Data Science and Climate Change
The fact of the matter is, earth’s climate does shift over time. However, our earlier stages of biotechnology are a factor in increasing environmental toxins. We overfish our oceans, pump waste all over the planet, and the population isn’t decreasing; we’ll definitely need more agricultural land for plants and animals. Flooding, fires, tornados, earthquakes, and hurricanes are relentless threats. But, due to the explosion in IoT devices, we have “eyes,” “ears,” and electronic proprioceptors ingesting data about everything from the local and global temperatures to the activities of our sun (and beyond). Therefore, data scientists are the perfect types of scientists to help make sense of all that data.
As a matter of fact, data scientists of all levels (novice to expert) are currently working on certain predictive facets that are directly or indirectly related to climate change (and our impact on earth’s ecosystems):
- Hurricane Florence — Building a Simple Storm Track Prediction Model
- Data for Climate Change Challenge
- How Artificial Intelligence Can Fight Air Pollution in China
- Using Data to Better Understand Climate Change
The crucial thread throughout all of the articles is data and deciphering its meaning — if it has any at all. The aforementioned IoT devices being deployed as environmental sensors still need improving. But, as the saying goes, garbage in, garbage out. If the sensors are not relaying high quality (no nulls or missing data) and reliable data, then a large inferential gap is left open. Data scientists can build the initial predictive models based on the current data (after clean and prep). Then, engineers can refine the sensors to extract better quality data. The cycle repeats, and will repeat, until the predictive accuracy is at a certain threshold.
The IBM project for predicting China’s air quality is a perfect example of building, implementation, and adjustment. While the model is better than prior tools, higher accuracy and shortening as well as extending the air quality prediction time (from minutes to possibly months or years in advance), is still in the works. Moreover, we could use better predictive models for ways to reduce carbon emissions in addition to forecasting air quality.
Becoming a Data Scientist in Biotechnology
We’ve already discussed the main expertise you’ll need as both a data scientist and a biotechnologist. For those of you who have zero knowledge of biotech, but you’re either an aspiring or professional data scientist who wants an intro to the topic, then you might take a look at Coursera’s selection of courses:
- Industrial Biotechnology
- Genes and the Human Condition (From Behavior to Biotechnology)
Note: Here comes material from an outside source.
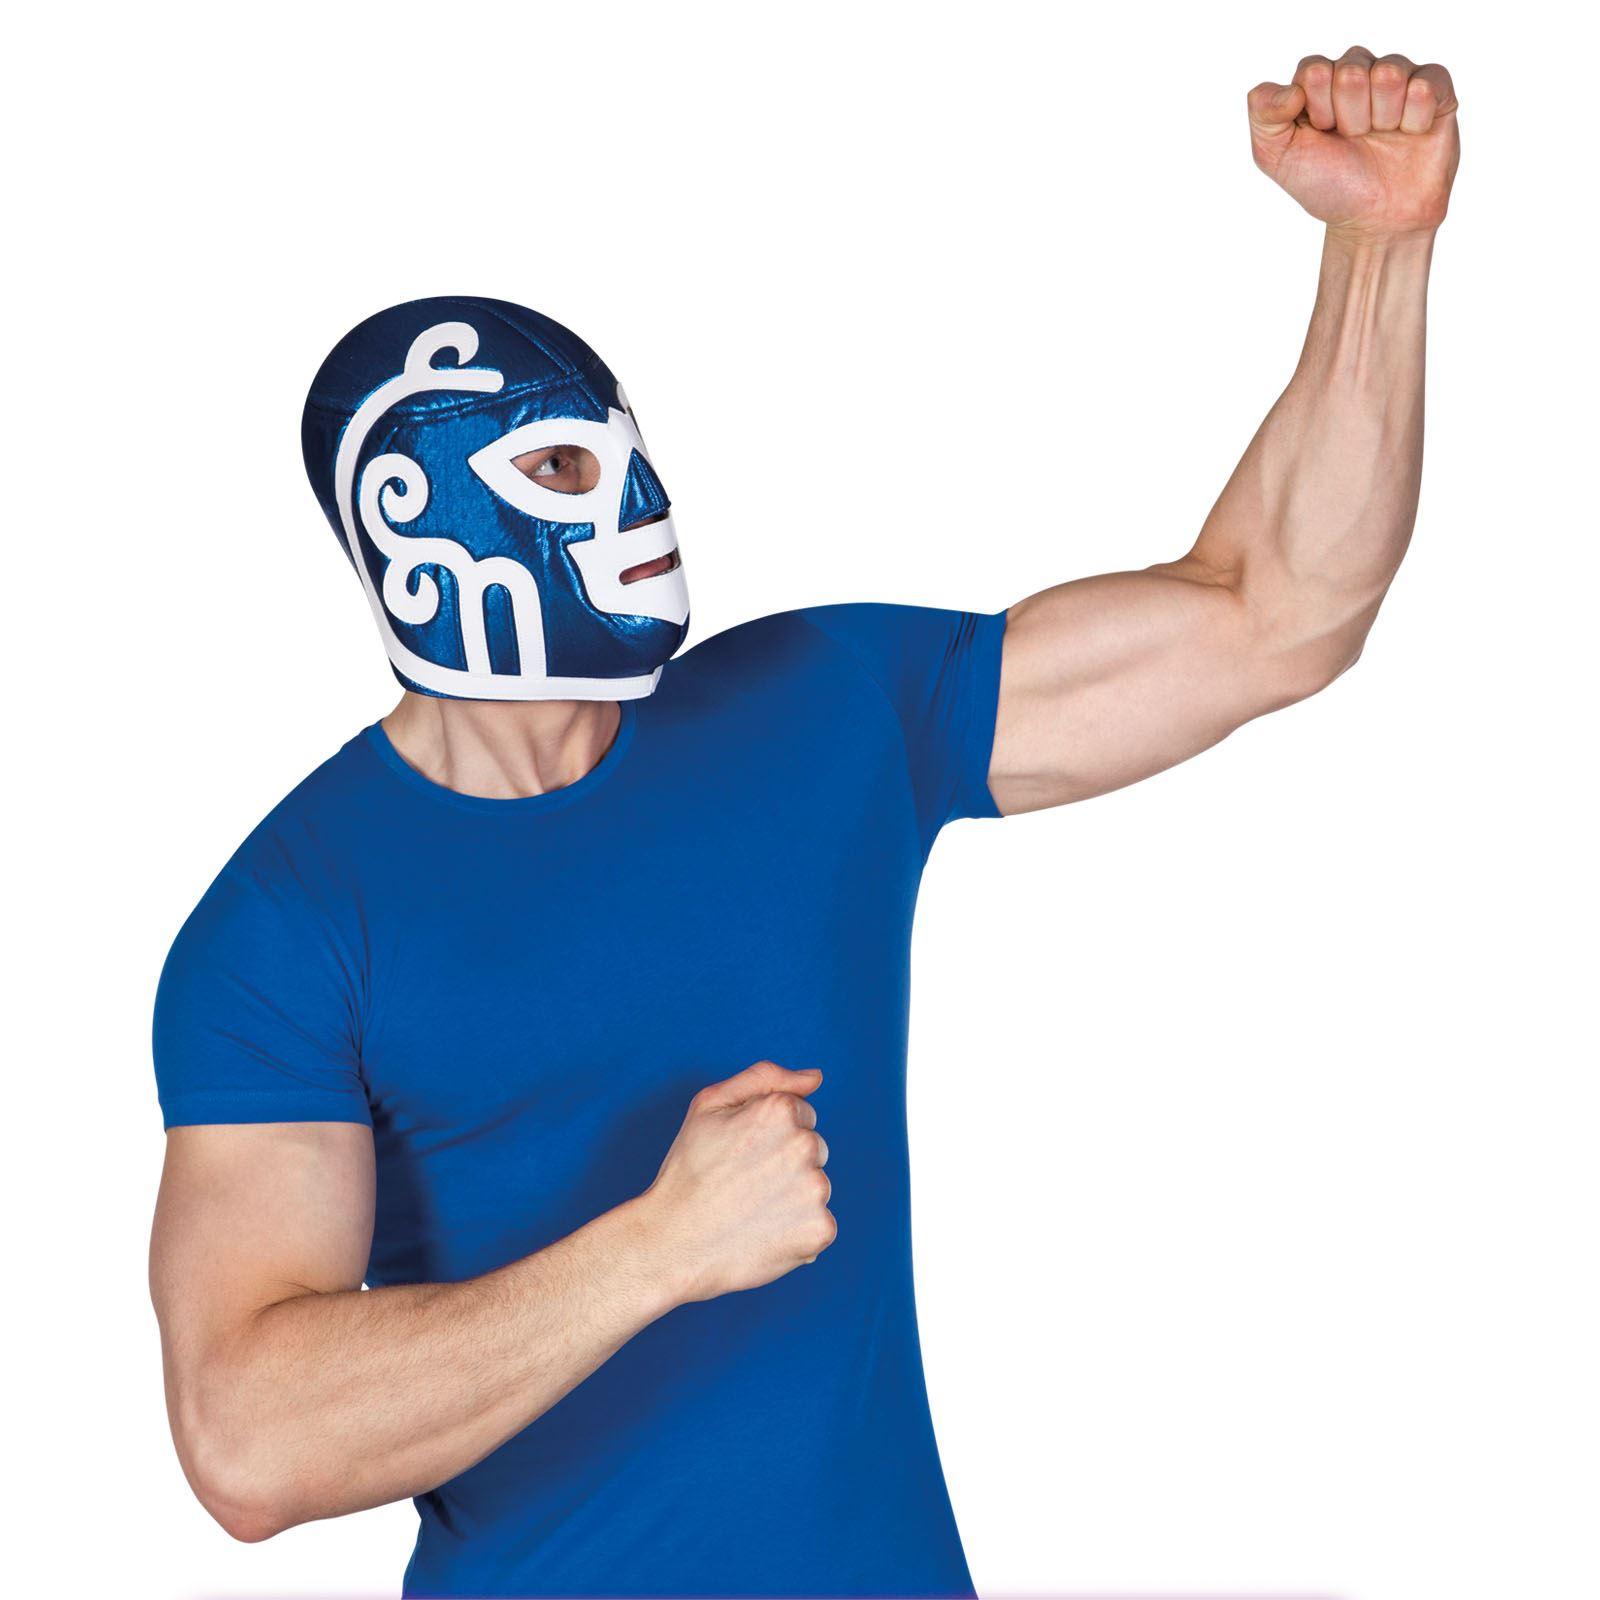 Adult-Mens-Mexican-Wrestler-Wrestling-Mask-WWE-Libre-Fight-Fancy-Dress-Accessory miniatuur 4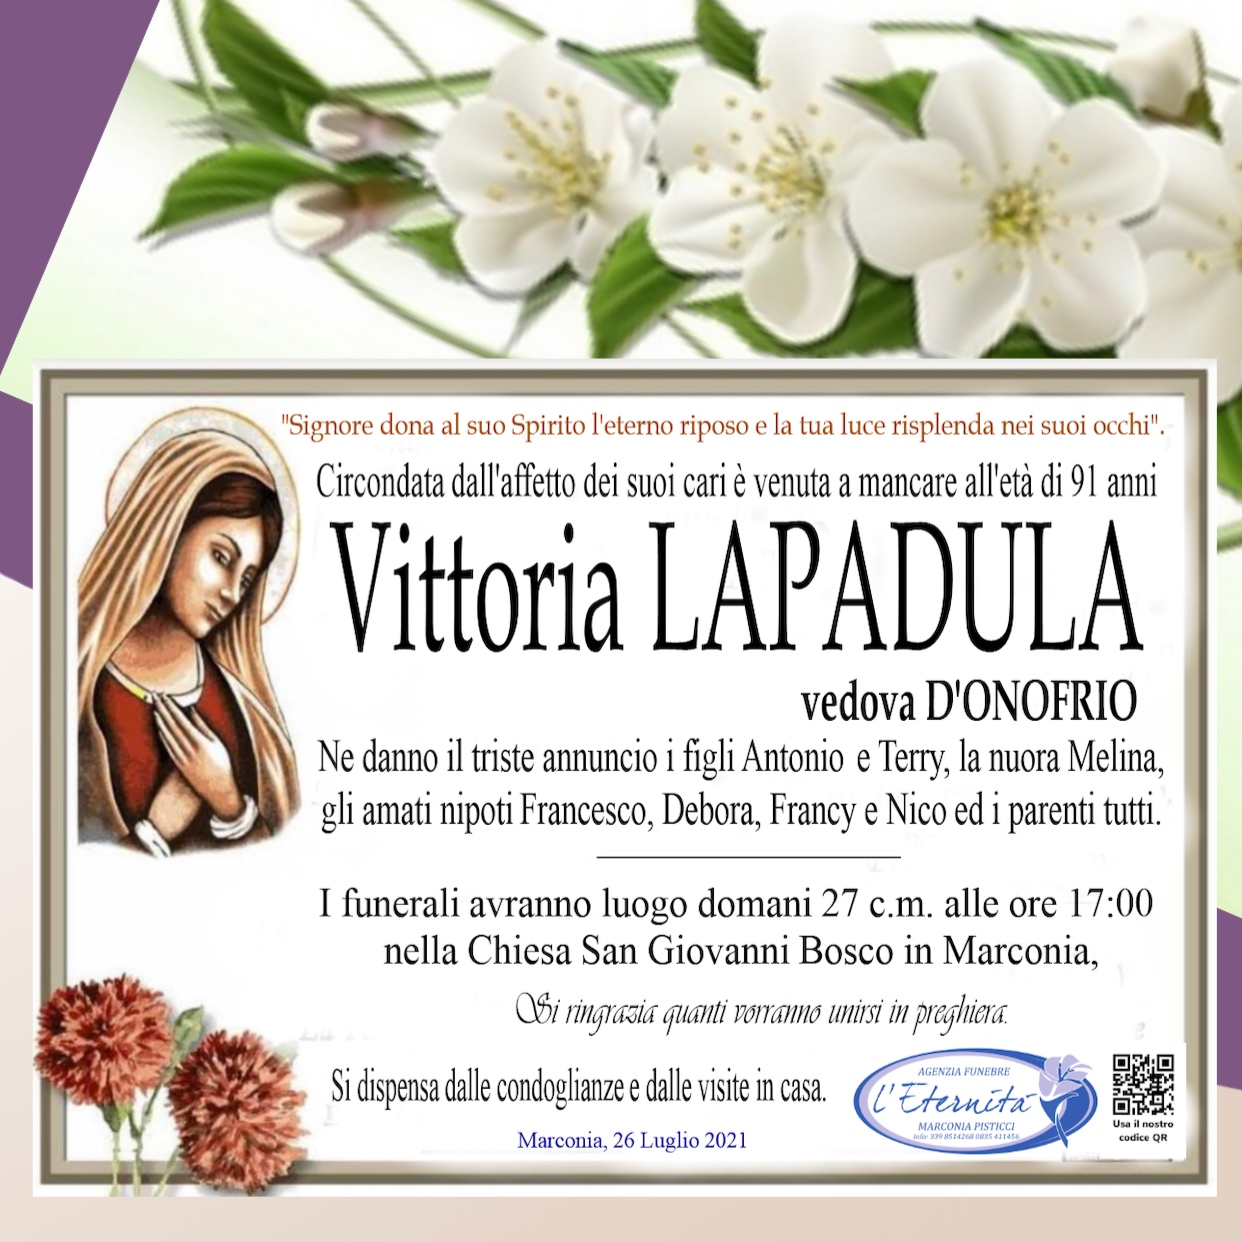 Vittoria LAPADULA

- Systems Biology and Biotechnology Specialization
It’s free to audit individual courses (you won’t have access to assignments or exams). Or if you want to pursue a certification, the per class fee varies between $49 and $79. Another alternative is to take a course from edX; they too have biotech education available:
- Industrial Biotechnology
- Statistical Analysis in Bioinformatics
- Biological Engineering: Cellular Design Principles
Most of edX’s courses are free to take — if you don’t want a certification. The Statistical Analysis in Bioinformatics course, however, is a part of a larger academic program and currently costs $249. For those of you who are just now entering data science, we recommend that you establish your core data science skills first, especially math and statistics. As you gain more experience with data science processes, layering in biotech coursework (whether formally or via a MOOC) at a later time helps reduce the cognitive load. It’s wise to begin practicing on smaller datasets with fewer features and then graduating — at your own pace — to larger and more complex datasets will provide a smoother path towards your career in data science.